DOE has already purchased nearly 9 million barrels for SPR replenishment for an average of about $75 per barrel – far lower than the average of about $95 per barrel that SPR crude was sold for in 2022 – and secured nearly 4 million barrels in accelerated exchange returns.
The Administration’s ongoing three-part replenishment strategy to get the best deal for taxpayers while increasing SPR stocks includes: (1) Direct purchases with revenues from emergency sales; (2) Exchange returns that include a premium of oil above volume delivered; and (3) Securing legislative solutions that avoid unnecessary sales unrelated to supply disruptions.
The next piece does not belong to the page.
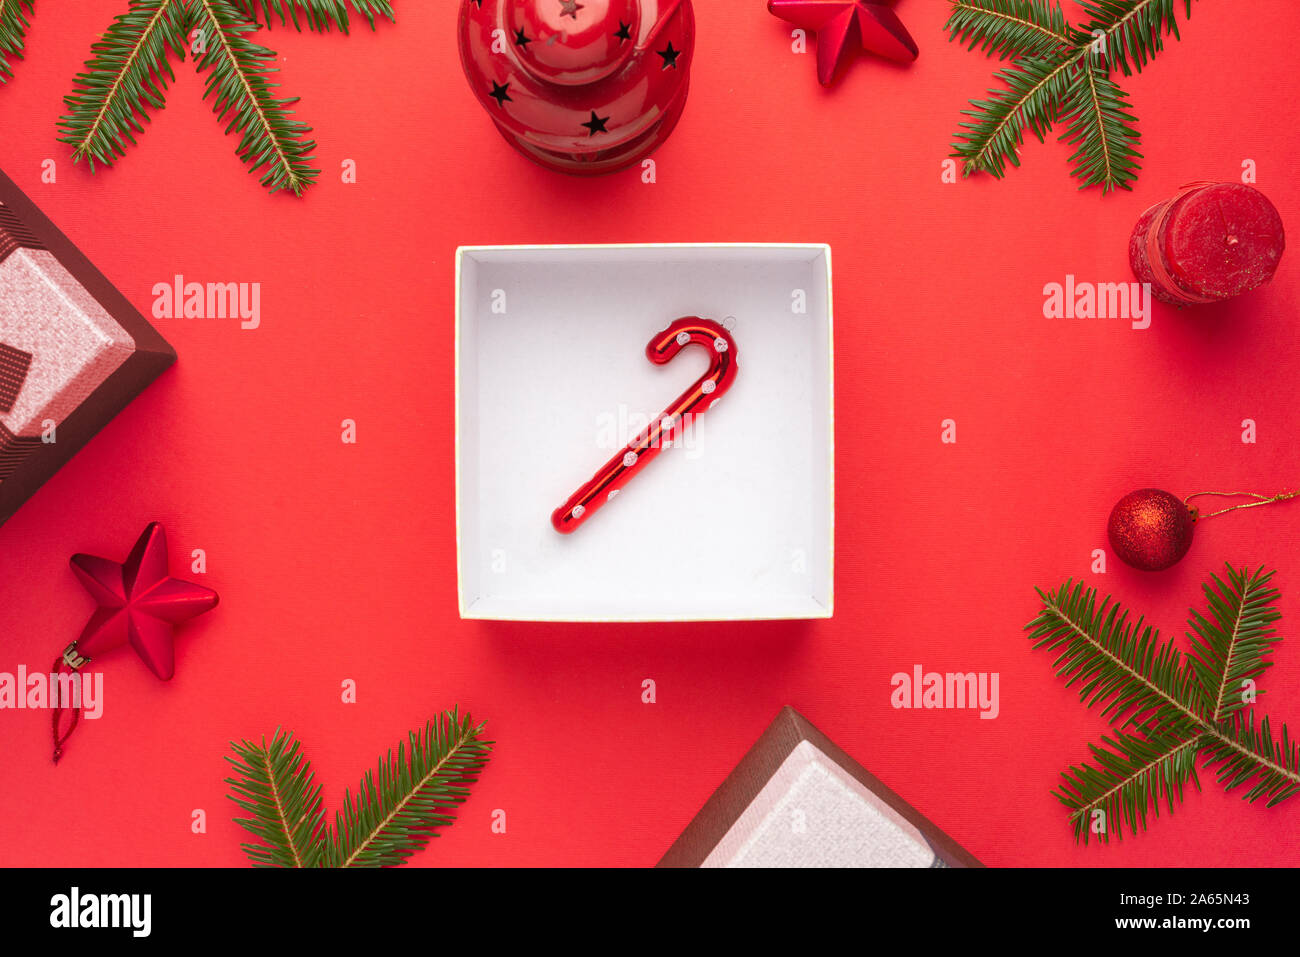 Lollipop en caja de regalo rodeado de adornos navideños en superficie roja. Sentar planas, vista superior. Foto de stock

DOE has already secured cancellation of 140 million barrels in congressionally mandated sales scheduled for Fiscal Years 2024 through 2027. This cancellation has led to significant progress toward replenishment.
The SPR continues to be the world’s largest supply of emergency crude oil, and the federally owned oil stocks are stored in underground salt caverns at four sites in Texas and Louisiana. Through scheduled maintenance periods and the Life Extension 2 program, DOE continues to prioritize the operational integrity of the SPR to ensure that the SPR can continue to meet its mission as a critical energy security asset. The SPR has a long history of protecting the economy and American livelihoods in times of emergency oil shortages.